In other words, many of you wanted to know the back story.

Which I totally get, because I often find the back story behind any big idea or project really interesting, too. And I feel it is also a great way to help those who may be looking for tips or ideas or insights on how to do the same. The back story also helps to show how success in anything really takes shape; through trial and error, through stop and start, through procrastination and determination, through the good days and the bad, which helps to paint a more realistic picture, in my opinion.

So here it is; the backstory behind the book and some important life lessons along the way!

Why Rejection Can Often Be the Best Thing That Happens to You

I was sitting in my Dubai home, feeding my kids dinner one uneventful evening in 2017, when suddenly my phone rang.
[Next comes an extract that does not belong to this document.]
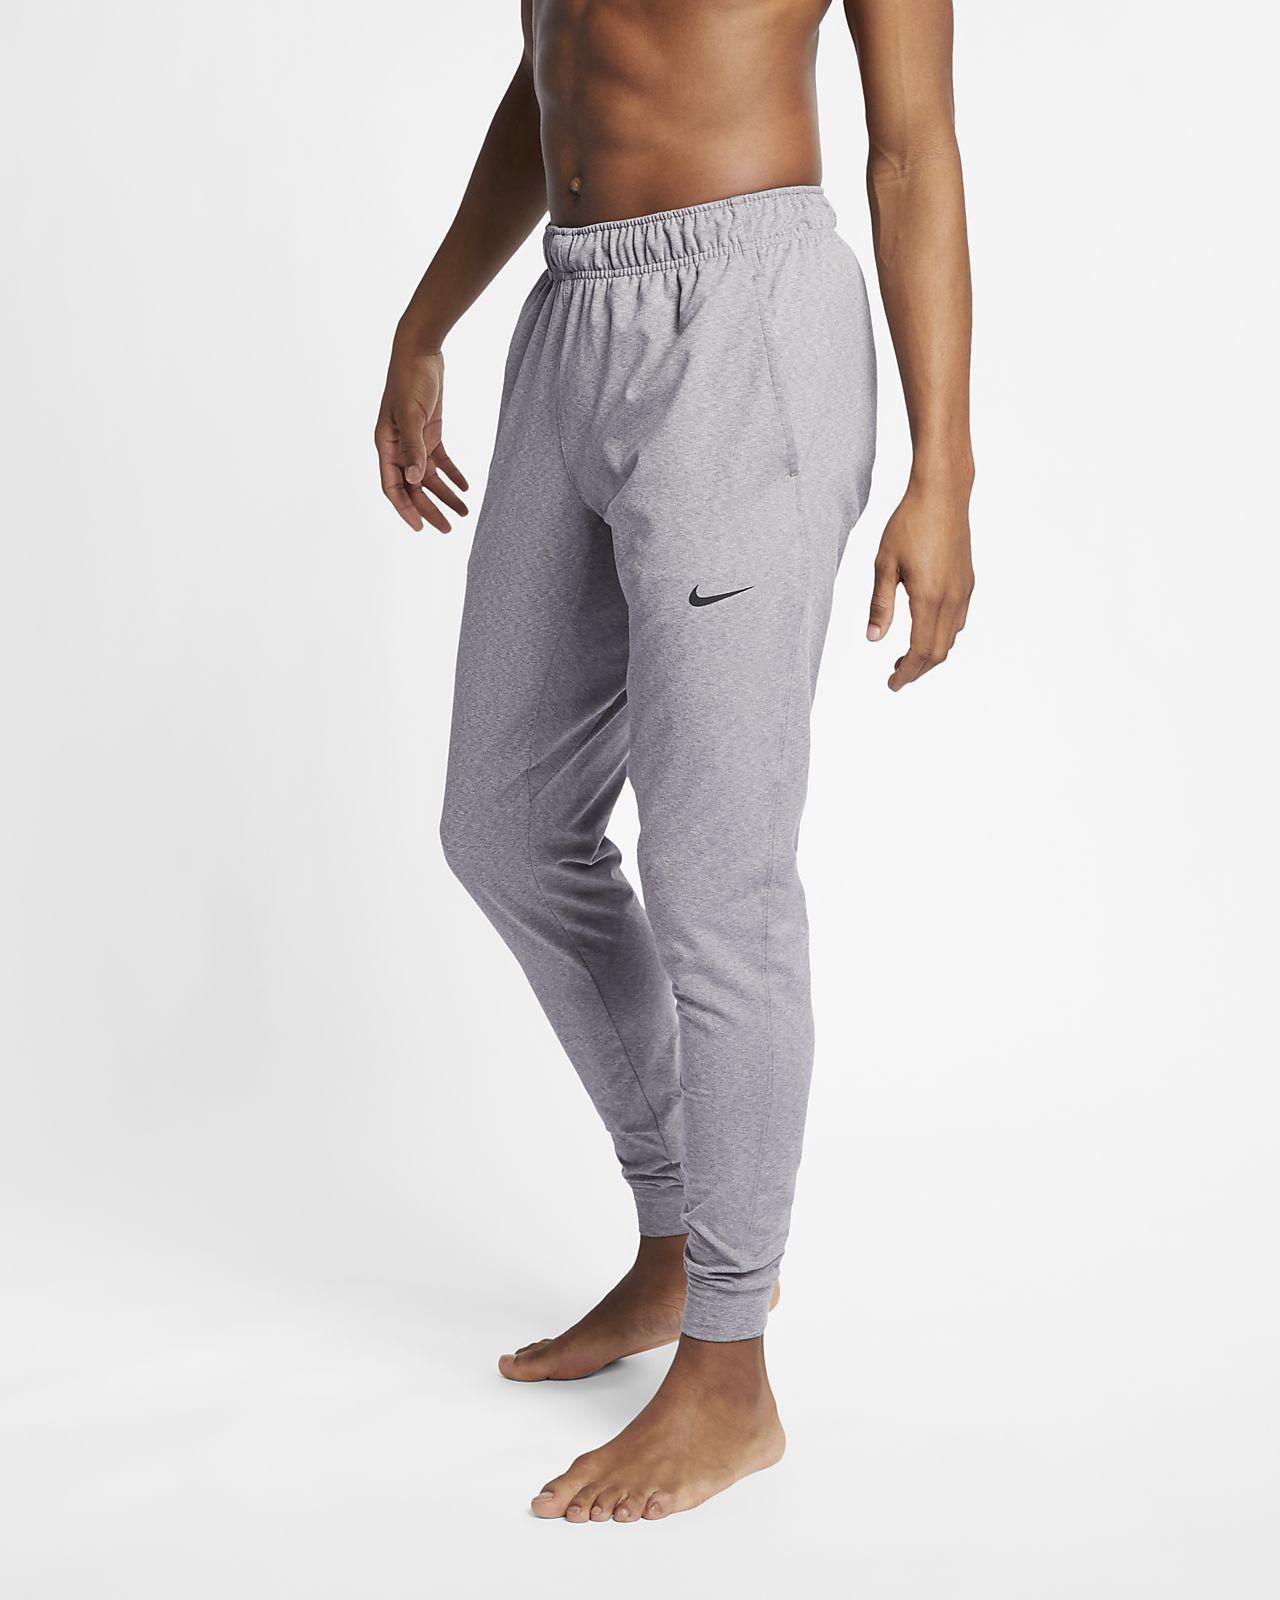 Nike Dri Fit Men S Yoga Trousers Nike Gb Yoga Pants Men Yoga Trousers Yoga For Men

I saw the US country code but thought it was probably just a friend or family calling. Nope. It was a reporter from the Wall Street Journal (WSJ) calling. The irony didn’t escape me. In my eight plus years in the corporate world, the WSJ never called me, but now that I was an expat writer, they wanted to ask me for a quote on global living. The reporter explained she was writing an article on living overseas and raising a family abroad and wanted to get a quote from me to include in it. She had found me through my blog ‘And Then We Moved To’, of course. I gave what I thought was a good answer, but my quote never appeared in the article because when the reporter asked me if I had written a book on this topic, I had to say “no, not yet.”

Rejection hurts. But it can also serve as a great catalyst if we use it to spur ourselves into action. In my case, it was my wake-up call to finally get serious about writing a book for globally mobile families, who move around the world and encounter different cultures, languages, traditions, norms, experiences which then changes their identity, sense of belonging and idea of home. I had a few ideas in my head about how I wanted to write about this, but I didn’t know where to start. And like most people starting anything big or new – I also suffered from massive self-doubt; was I a good enough writer to write and publish a book?

Why Getting Help From the Right People Is Crucial

The next day after the WSJ rejection, I decided to ignore all my self-doubt and sent a message to my writing mentor Jo Parfitt. Every writer needs support whether it is in the form of a writing support group or a writing mentor or through other professional networks. This is true for most careers – none of us can work well in isolation. I had a trusted relationship with Jo already, I was one of the writers who had been chosen for and completed a Parfitt Pascoe Writing Residency scholarship funded by her in 2017, we had worked on several projects together related to global literature including contributing and co-authoring a book to summarize the findings and research from the Families in Global Transition conference in 2017, with a team of writers from all around the world.

Jo is a British author extraordinaire, who has not only lived all around the world herself, but published more than 30 books on expat life, expat careers and globally mobile families. She also owns her publishing firm Summertime Publishing and its sister Springtime Books. She coaches and mentors new and aspiring authors and helps them get published too. I knew she would be the perfect person to talk to and share my book idea with. I sent her a message on WhatsApp which said:

“Jo, I think I’m finally serious about writing that book!”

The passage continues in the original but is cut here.